We have taken the edge off of our language by the overuse of hyperbole. Constantly calling mundane things “awesome” or “epic” has left those words inadequate to describe things that are really awesome or epic, forcing us to keep upping the hyperbole. As a result, we run out of words, so we invent new ones. Like “ginormous” or “humungous.”

But back to our word “crisis.” As a society we are facing numerous situations that are not only crises but in fact existential ones, and ignoring them is unsustainable, another word whose meaning has been eroded. To paraphrase one of my favorite writers, Michael Pollan, we use the word “unsustainable” so generally that we forget what it very specifically means, which is that sooner or later the system in question will collapse.

Confucius wrote of the doctrine of the Rectification of Names as an imperative, saying that if language is incorrect then what is said does not concord with what was meant and what is to be done cannot be effected.
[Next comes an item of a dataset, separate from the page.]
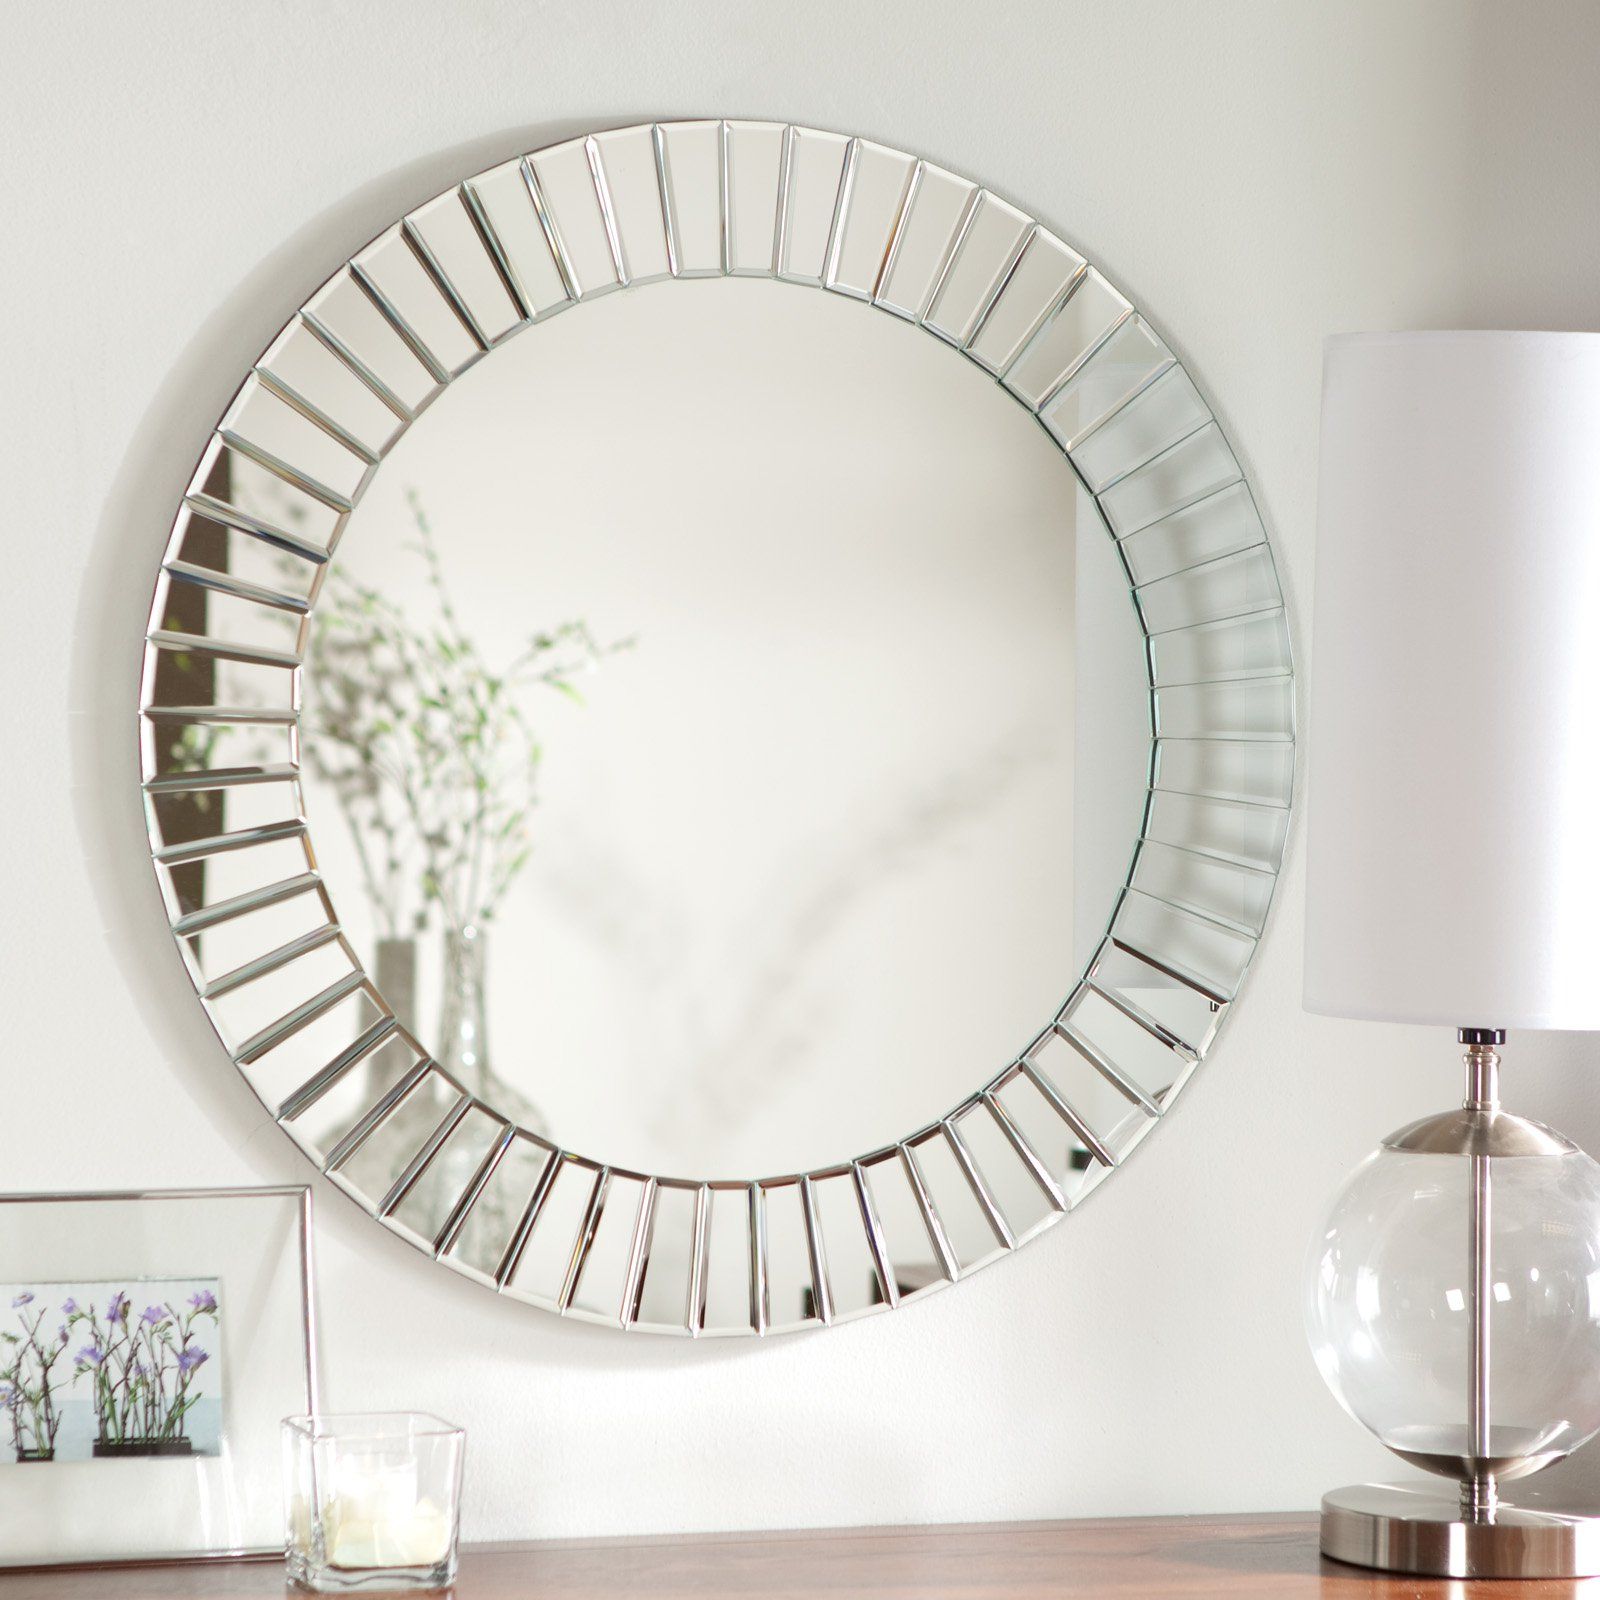 Remarkable Decorative Beveled Wall Mirrors Frame Large Three Diy Inside Well Known Fancy Wall Mirrors (View 20 of 20)

In other words, we can’t act appropriately on a crisis if the word has been altered to mean basically “problem” and not “emergency.”

I apologize if the tone of this Word is not as fun and bouncy as usual, but I think that in the wake of recent events that we feel so little control over, we can at least start attempting to rectify the names. Why not start with the name our language has for immediate existential threats: crisis. If something is a crisis, we need to wake up and treat it like one. Immediately.